In the fall of 1920, Sage returned to Europe, where she spent the next two decades of her life. To her family, Katherine's interest in art still seemed the dilettantish desire of a wealthy young woman with time on her hands, but a testimony to the seriousness of her attraction to painting was evident when she continued her art studies in Italy in the early years of the 1920s. Her paintings from this period showed some talent, but they were conventional pieces such as portraits of young girls. Notes her biographer Judith Suther , these works differ in every respect—"subject matter, mood, and technique"—from her mature efforts after 1940. Sage subsequently dismissed the significance not only of her early works but of the teachers who had provided her with the technical tools she would subsequently employ. As she grew older, she contended that she was a self-taught artist.
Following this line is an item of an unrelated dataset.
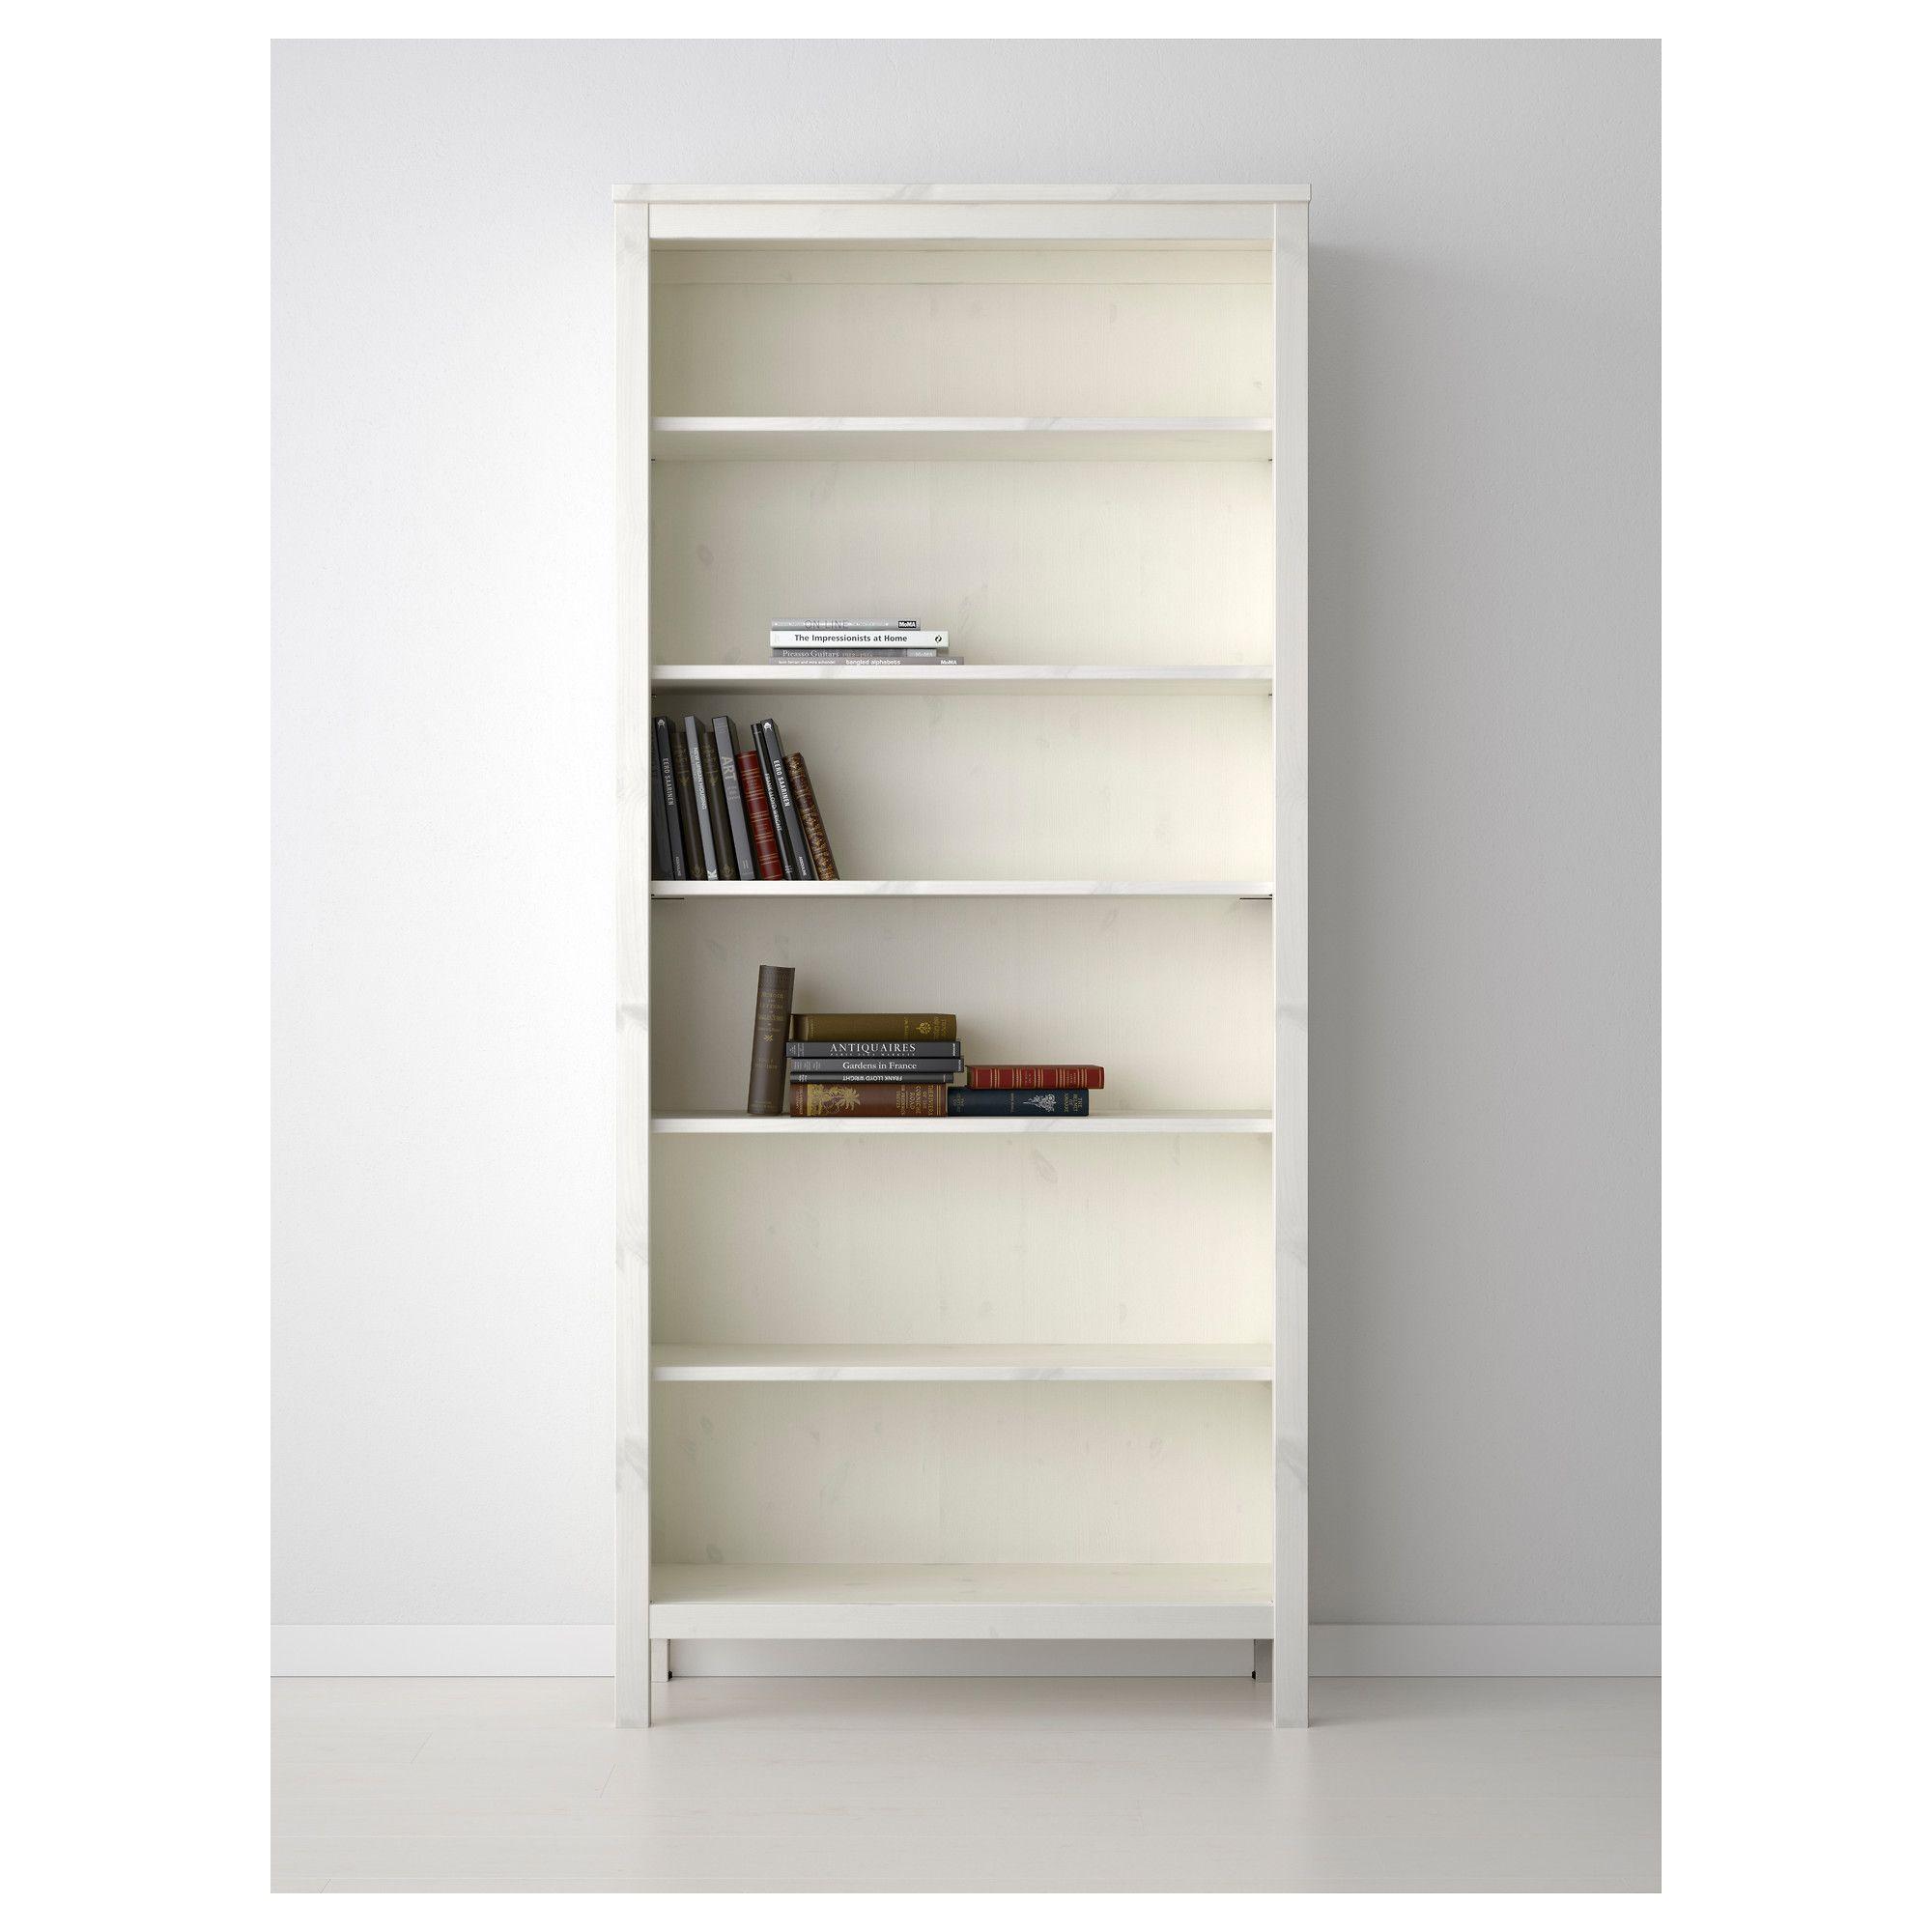 IKEA bookshelf white - Google Search

In Suther's words, Sage spent "the aimless years" of her life from the mid-1920s through the mid-1930s as the wife of an Italian aristocrat, Prince Ranieri di San Faustino. They met in 1923 and were married, first in a civil ceremony on March 30, 1925, then in a religious wedding the following day. Although she continued to paint for a time, her social life as an Italian princess soon pushed her active work as an artist aside. Her husband held a variety of nebulous and undemanding positions mainly arranged for him by Henry Sage, his father-in-law, and other members of his family. The young socialite couple traveled extensively.
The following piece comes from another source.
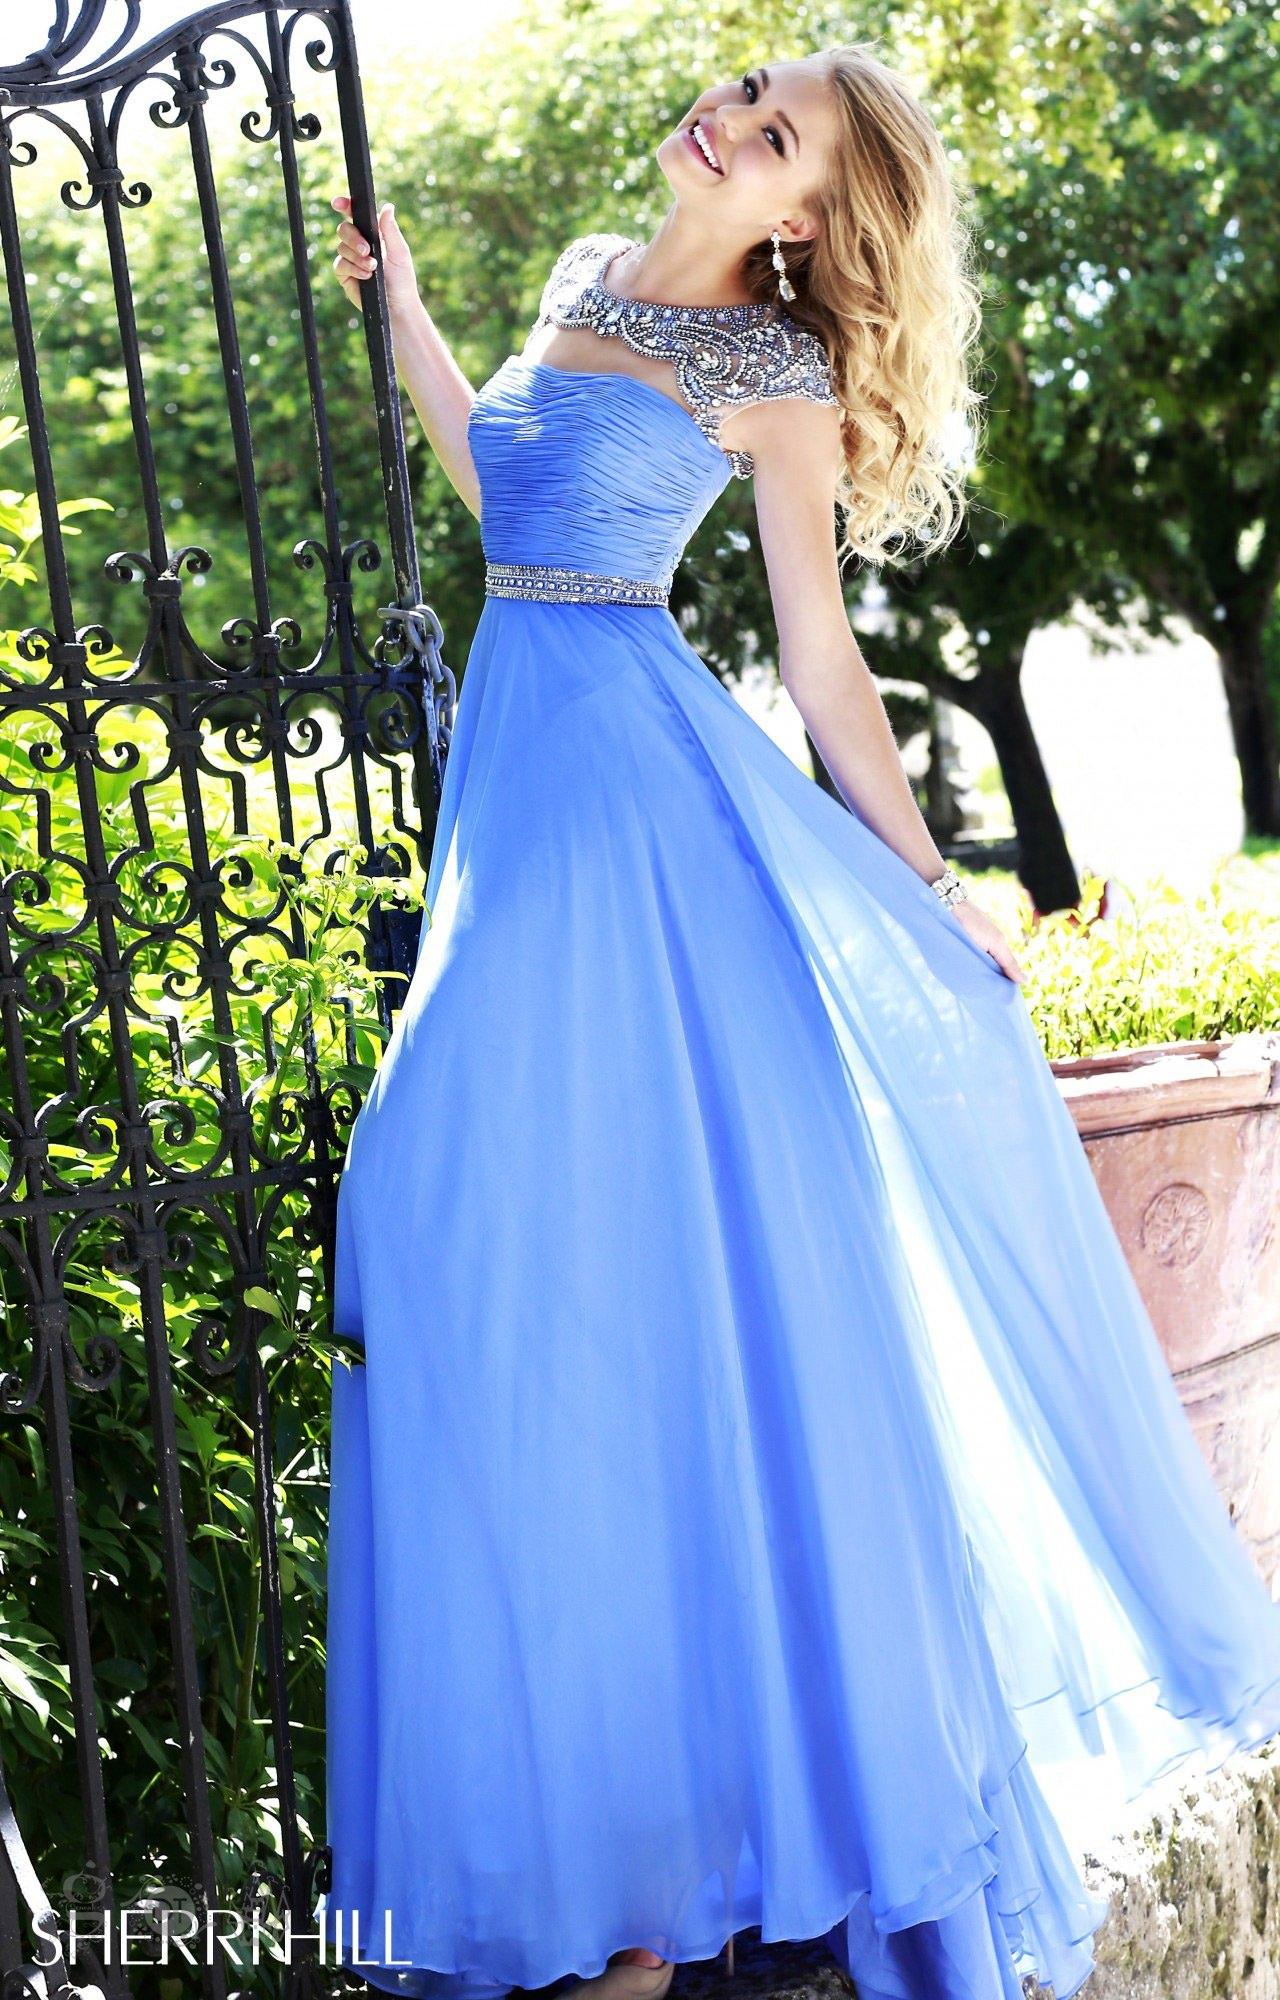 Sherri Hill Prom Dresses 2015

The decade of her marriage saw Sage grow increasingly restless with both her aimless existence and her charming but unambitious husband. The death of close relatives—her father in 1933 and her sister the following year—may have focused her discontent and motivated her to make a sharp turn in her life. Another factor may have been her acquaintance with the American poet Ezra Pound. The two met frequently to discuss their shared interest in the arts.

Sage's emergence as a serious and ambitious artist came in December 1936, when she put on display six oil paintings at a Milan art gallery. These works were, in Suther's words, "experimental abstract compositions." Another mark of her new sense of purpose was her decision to move to Paris, the artistic capital of the Continent. The Parisian art world had always intimidated her, but she apparently now felt ready to make an attempt to join it. She had an amicable separation from Ranieri and agreed, so that he could remarry, to let him end their marriage via a papal annulment.

In Paris, Sage's wealth allowed her to set herself up in style in early 1937 in one of the city's most glamorous neighborhoods. One year later, she received a lasting influence on her career as a painter when she attended the International Surrealist Exhibit in the early months of 1938. Although Sage had already encountered Surrealist art during a visit to Paris in 1936, Suther calls the 1938 exhibit "the catalyst that fired her imagination." She now abandoned any ties to traditional painting and plunged feverishly into the new style. In the fall of 1938, she exhibited six of her paintings, of which five drew heavily on Surrealist techniques. At approximately this time Sage first encountered Yves Tanguy, a merchant sailor turned Surrealist painter with whom she quickly fell in love.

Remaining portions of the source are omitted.